Video describing strategies to reduce maternal mortality, including the three delays model.
OONA CAMPBELL: In this step, we’re going to be talking about strategies to reduce maternal mortality. Well, what should we do about the problem of maternal death? What skills, tests, and drugs do we need to routinely care for all mothers and newborns with respect and to prevent complications? But also, how do we detect complications and treat them appropriately? How might we organise services to provide such care? And what other strategies are needed to complement this? There are many single effective interventions that reduce maternal deaths, but there’s no one single intervention alone that can reduce all maternal deaths. So examples of routine interventions that all women should get include, for example, routine monitoring and management of labour.
And this is done using something called a partograph, but there are others as well. Examples of interventions, which a subset of women with complications should get, are many. But for example, one of them is magnesium sulphate, which is given when women have pre-eclampsia or eclampsia, and this is a condition that causes them sometimes to fit. Here I’m going to pause for a definition. In the maternal health field, we use the term Emergency Obstetric Care facility to describe a facility that can manage complications of pregnancy. And if you look on the obstetrics side, we normally look for eight signal functions.
Six of them are manual procedures and medical treatments, and two are surgery and blood transfusions, so the capacity to do caesarean section and provide blood transfusion. If a facility can do all eight signal functions, it’s normally termed a Comprehensive Emergency Obstetric Care facility. And this is normally what you would think of as a hospital. If it can only do the manual procedures and medical treatments, then normally we’d call that a Basic Emergency Obstetric Care facility. And that’s the kind of thing you might expect a health centre would be able to provide.
We talked about these single interventions, these drugs, treatments, and skills. But how do we actually make sure that women get that? And this is where we have to think about services and service delivery platforms. There are several main types. Some we can think about as being services to tackle unwanted pregnancy, and these include family planning and abortion services. And this is an area that’s touched on in some of the other steps. But we also have maternity services. And here it’s traditionally broken up into three types– antenatal care and screening, delivery care, and we can also think about postpartum care and general health services.

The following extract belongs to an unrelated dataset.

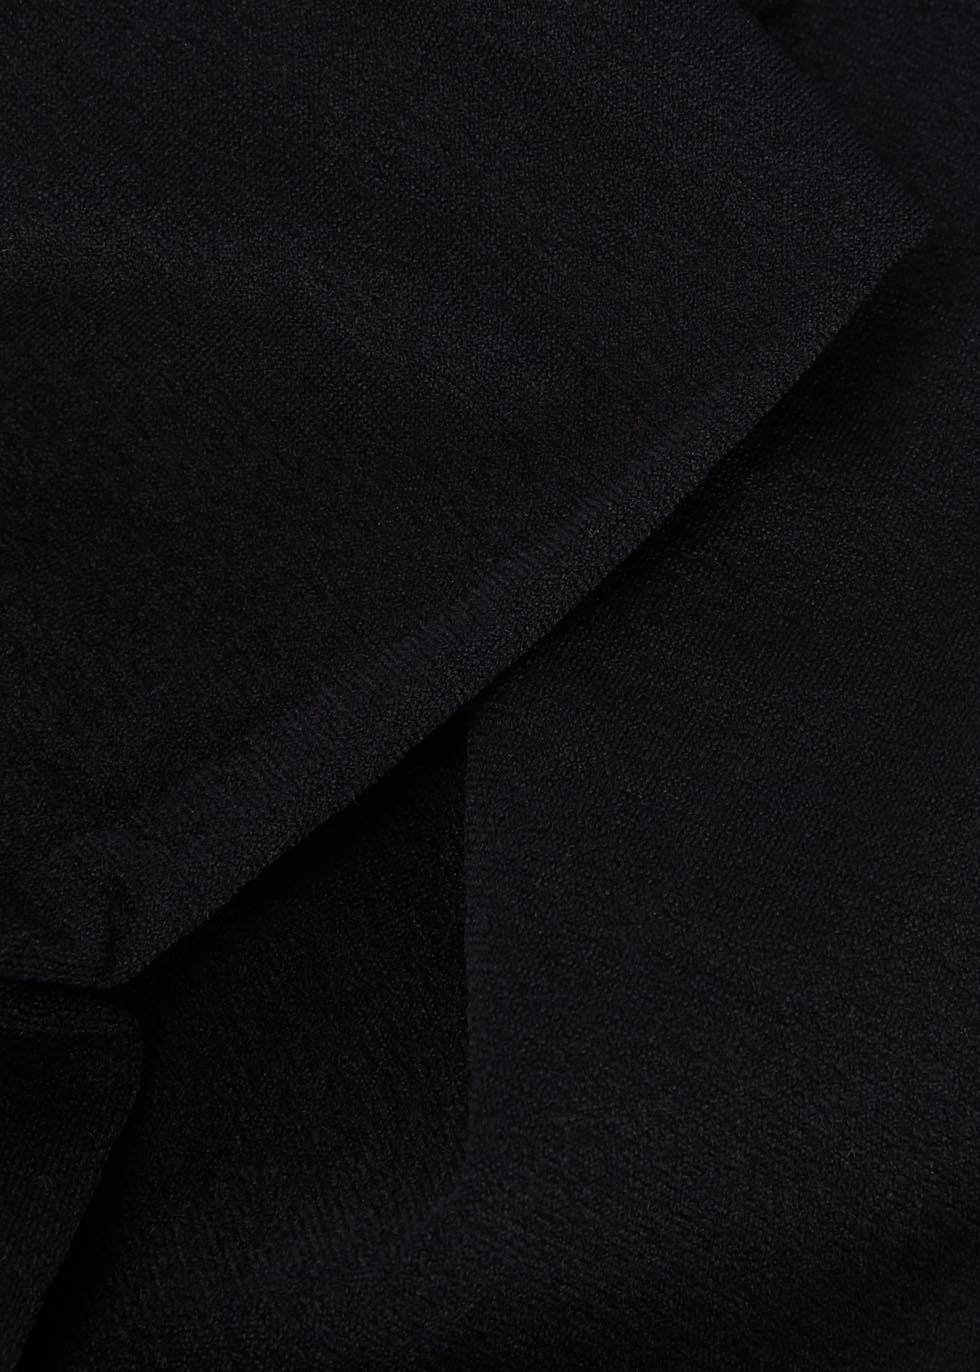 Velvet De Luxe black 50 denier hold-ups - Wolford

In this step, I’m going to focus on delivery care. Now, when we think about delivery, we can think about home deliveries. And this is usually, in fact, the absence of a health service. And usually home deliveries occur with an unskilled attendant. It can be a relative, or a traditional birth attendant, or a community health worker, or women can deliver alone. If complications arise in this situation, women need to obtain emergency obstetric care, usually by being transported to a suitable facility. If things are normal, then it’s OK. In facility care, women in labour make their way to a facility.
And this can be a lower-level facility like a health centre or a hospital, where they’re usually delivered by a skilled birth attendant, a midwife, or a doctor. If complications arise, women or their newborns will be managed with emergency obstetric care at the facility or transferred if necessary to a higher-level facility. If we’re in the situation where births are taking place at home without a skilled attendant, there’s some things that can be done to prevent or treat complications, but these are quite limited in their effectiveness. We can train traditional birth attendants, and this has been shown to improve referral and linkage to higher-level facilities when things go wrong.

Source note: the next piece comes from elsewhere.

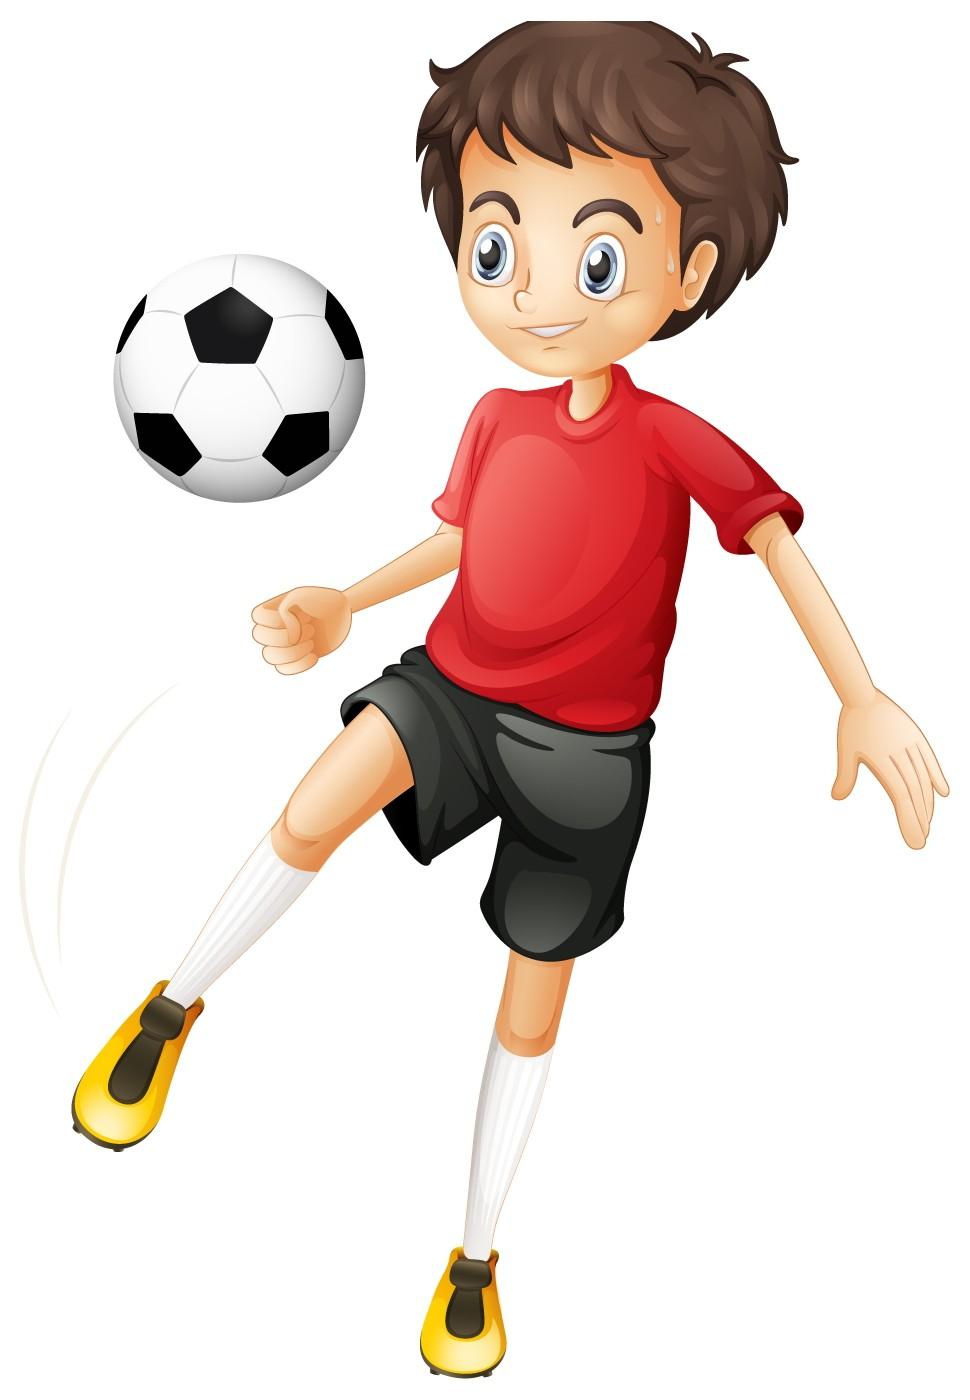 Little Boy clipart kid football Player Football Cartoon H Šport

We can also attempt home-based life saving skill training, where relatives are trained to recognise and manage basic things. But again, their efficacy is limited. Clean birth kits and misoprostol to prevent postpartum haemorrhage are also proposed as interventions.

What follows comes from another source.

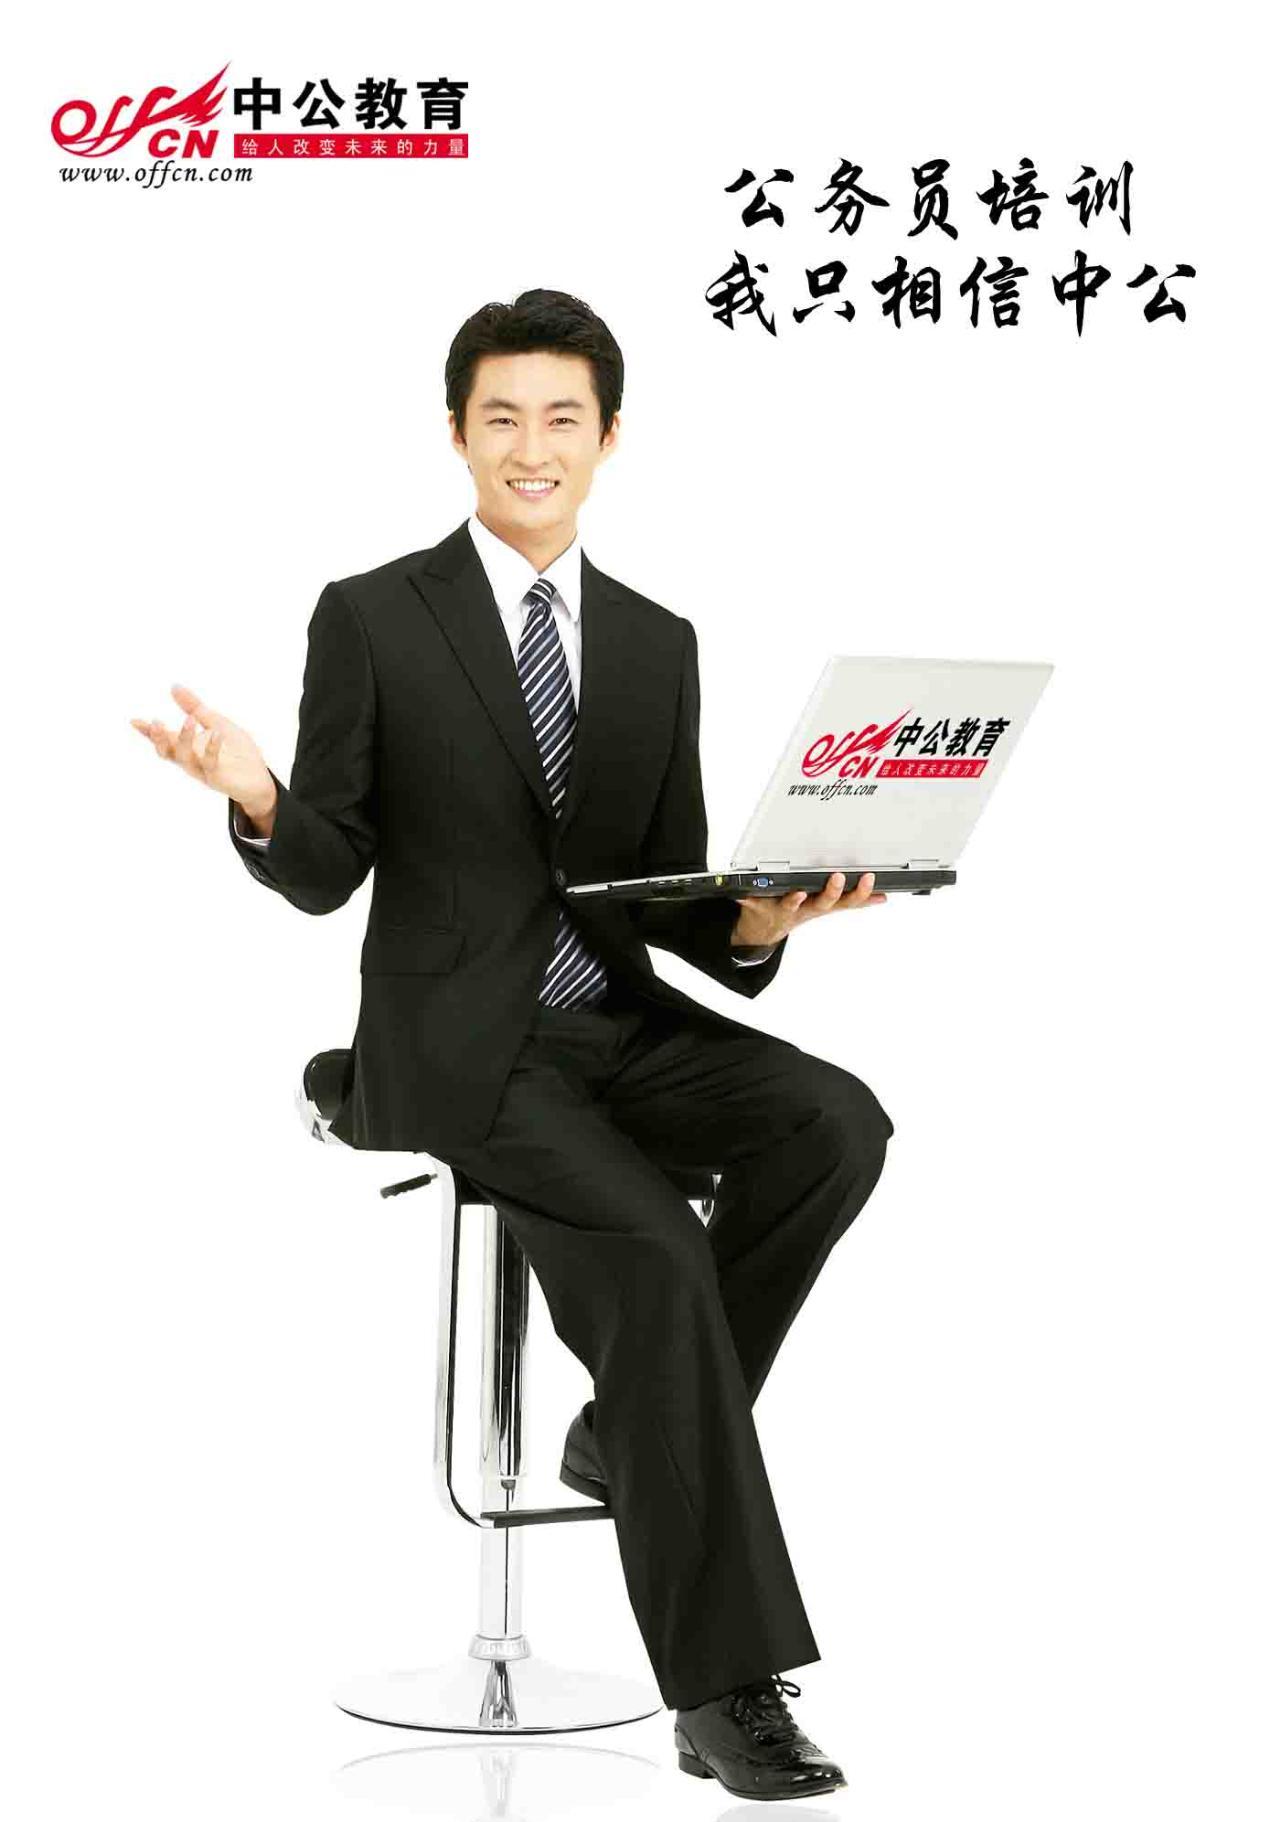 2013年蚌埠农信社培训班开课啦【中公教育】

In case of complications, if you have this kind of situation, it’s very important to avoid the three delays. The three delays model was proposed by Thaddeus and Maine. And it alerted us to the fact that if women were at home and things went wrong, we needed to reduce the amount of time taken to decide to seek care, for the family to identify and reach the right health facility. And then once they were in the facility, we needed to reduce the time taken to receive appropriate treatment. If these steps could be done, we could potentially prevent maternal death even if women were not in a place immediately where they could get care.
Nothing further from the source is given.